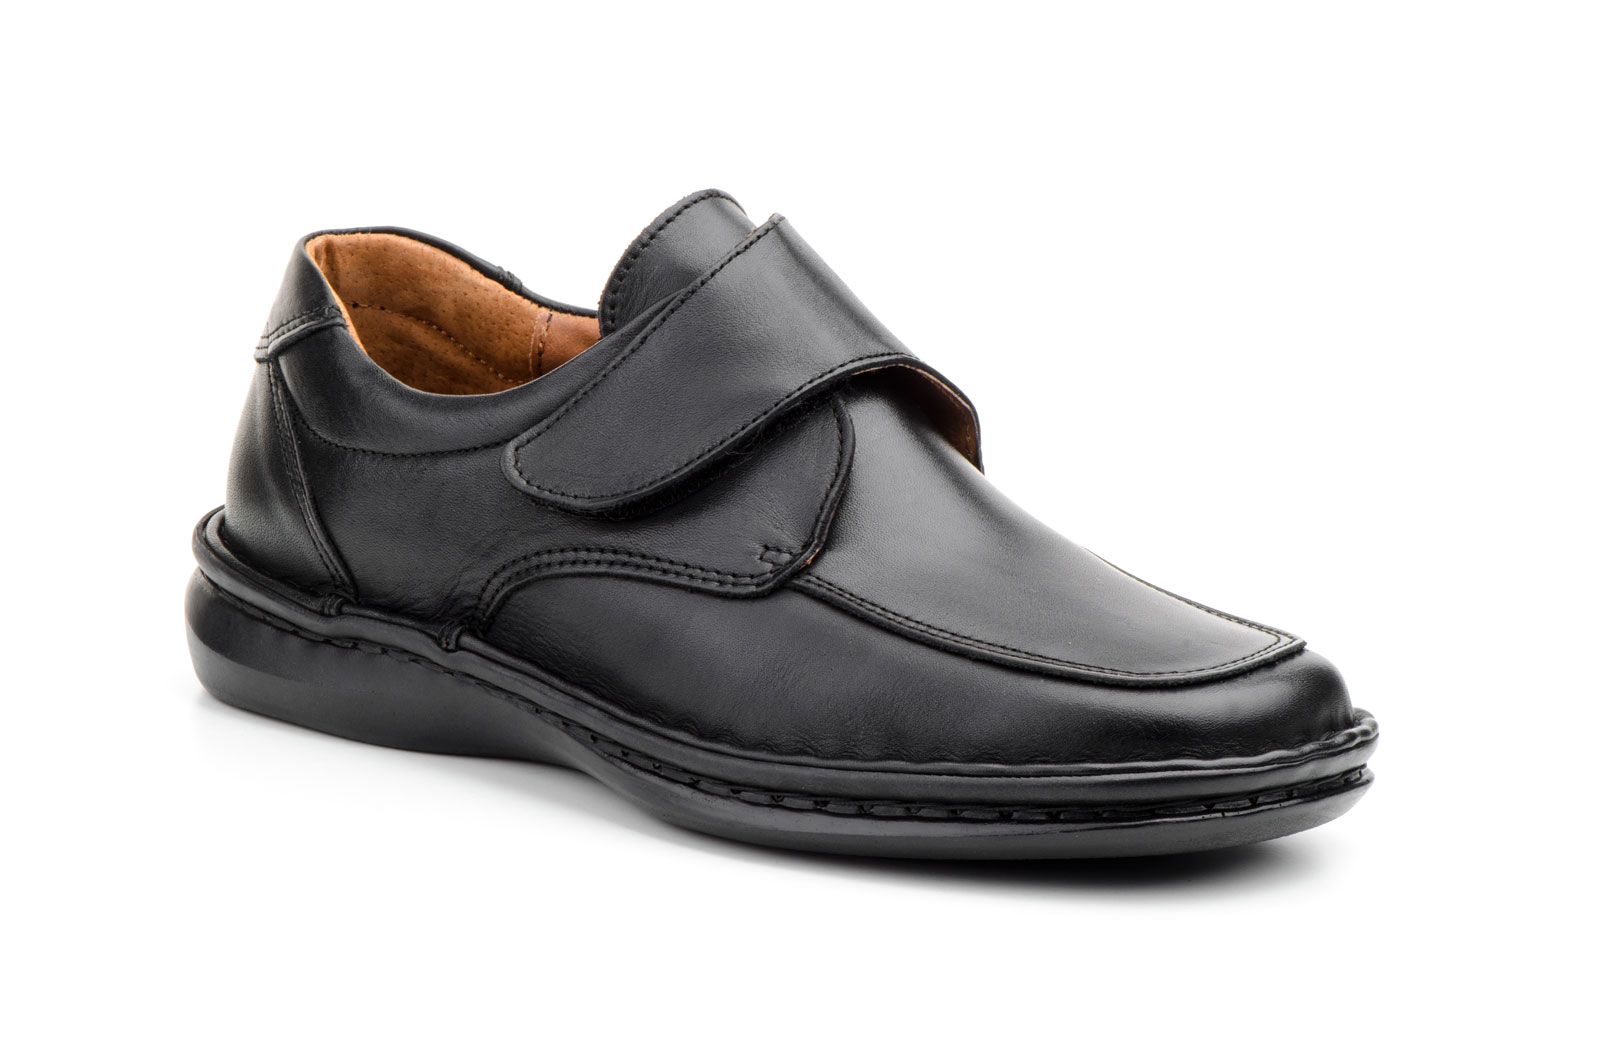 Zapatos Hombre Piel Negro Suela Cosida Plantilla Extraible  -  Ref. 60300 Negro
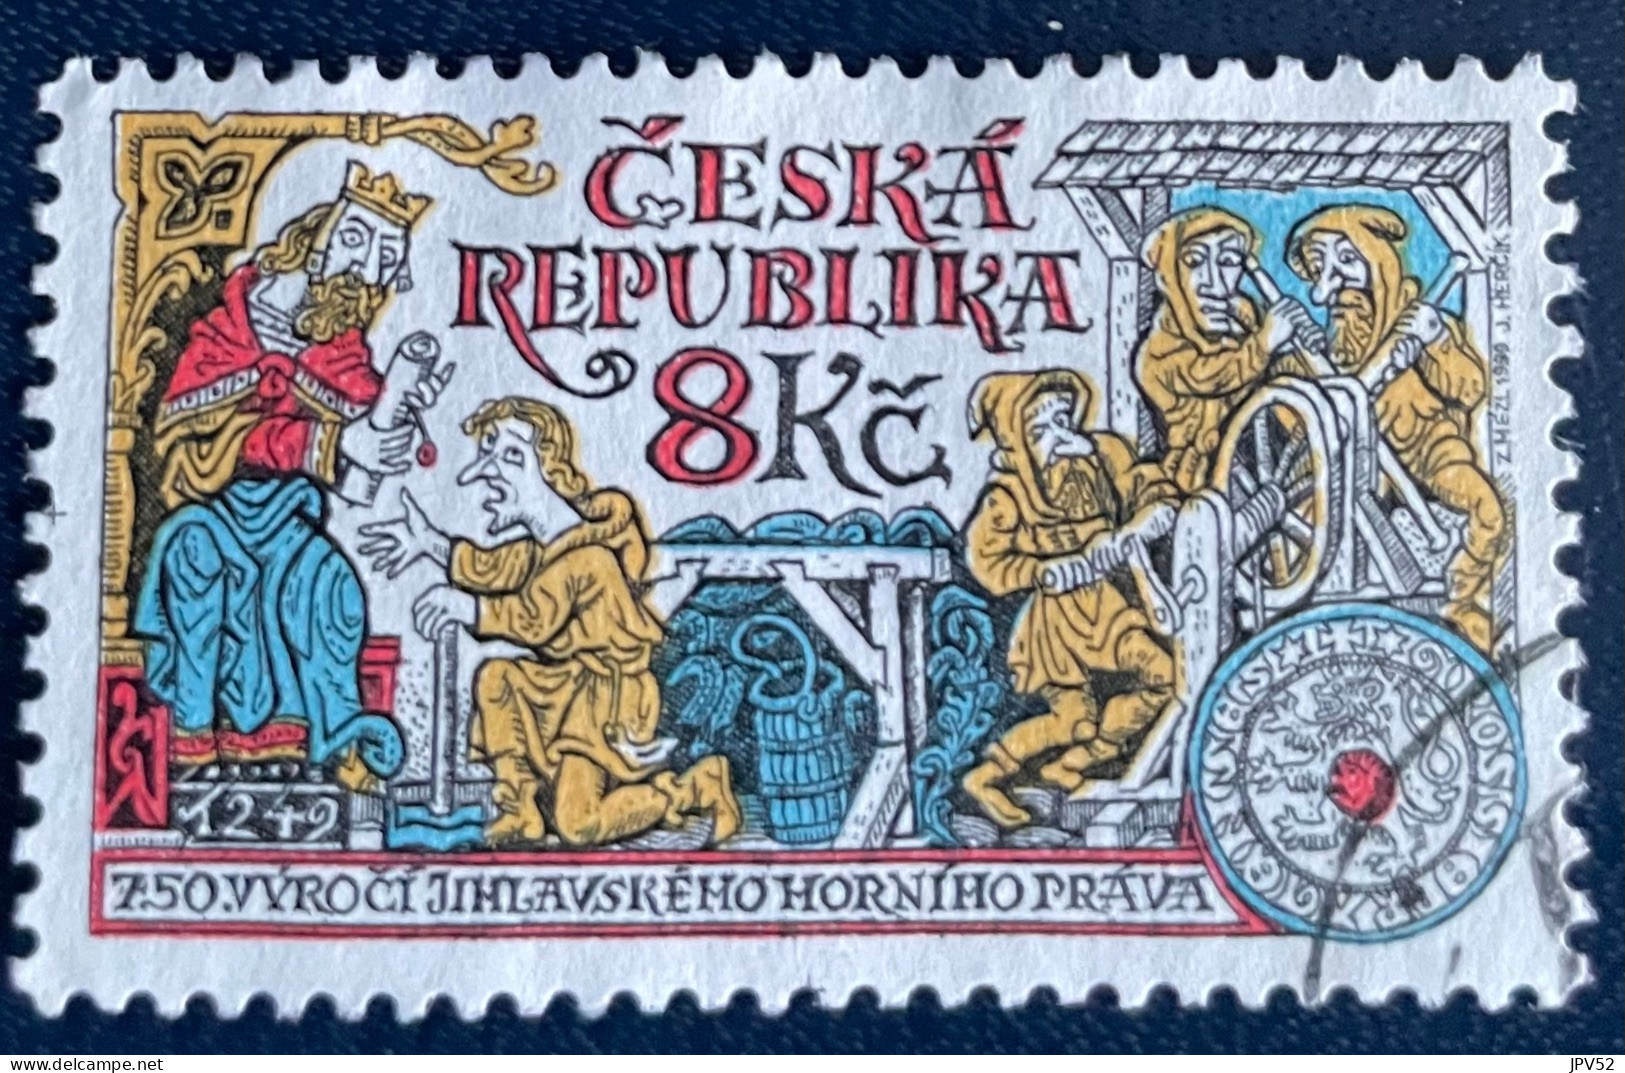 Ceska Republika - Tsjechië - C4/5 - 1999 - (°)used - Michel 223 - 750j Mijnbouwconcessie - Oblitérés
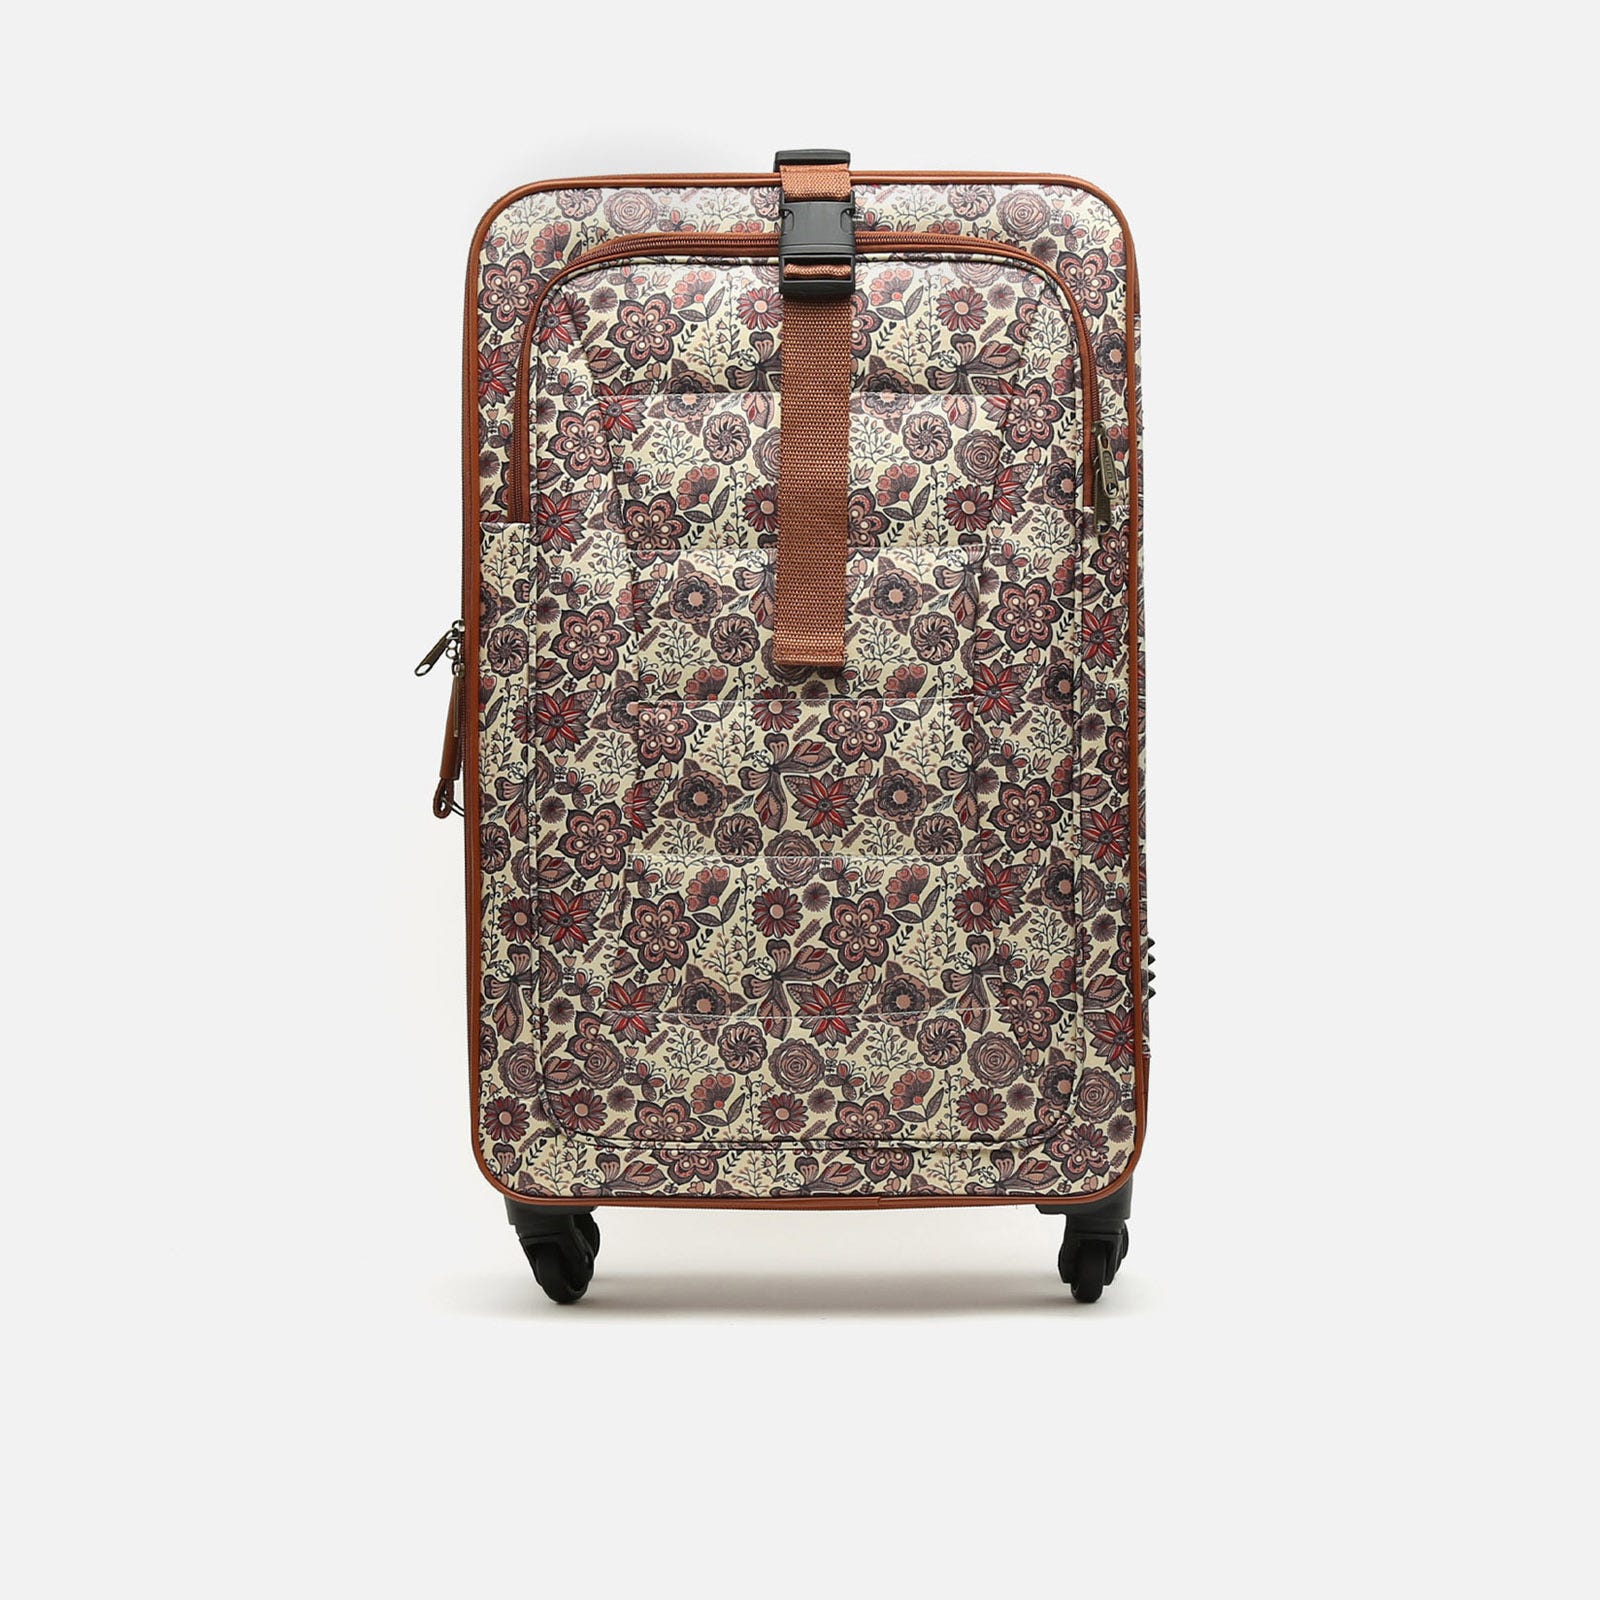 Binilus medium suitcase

+ + + + + + +

Exercise: Output the listing exactly, pictures excluded.

Your solution:
 Zapatos Hombre Piel Negro Suela Cosida Plantilla Extraible  -  Ref. 60300 Negro
 Ceska Republika - Tsjechië - C4/5 - 1999 - (°)used - Michel 223 - 750j Mijnbouwconcessie - Oblitérés
 Binilus medium suitcase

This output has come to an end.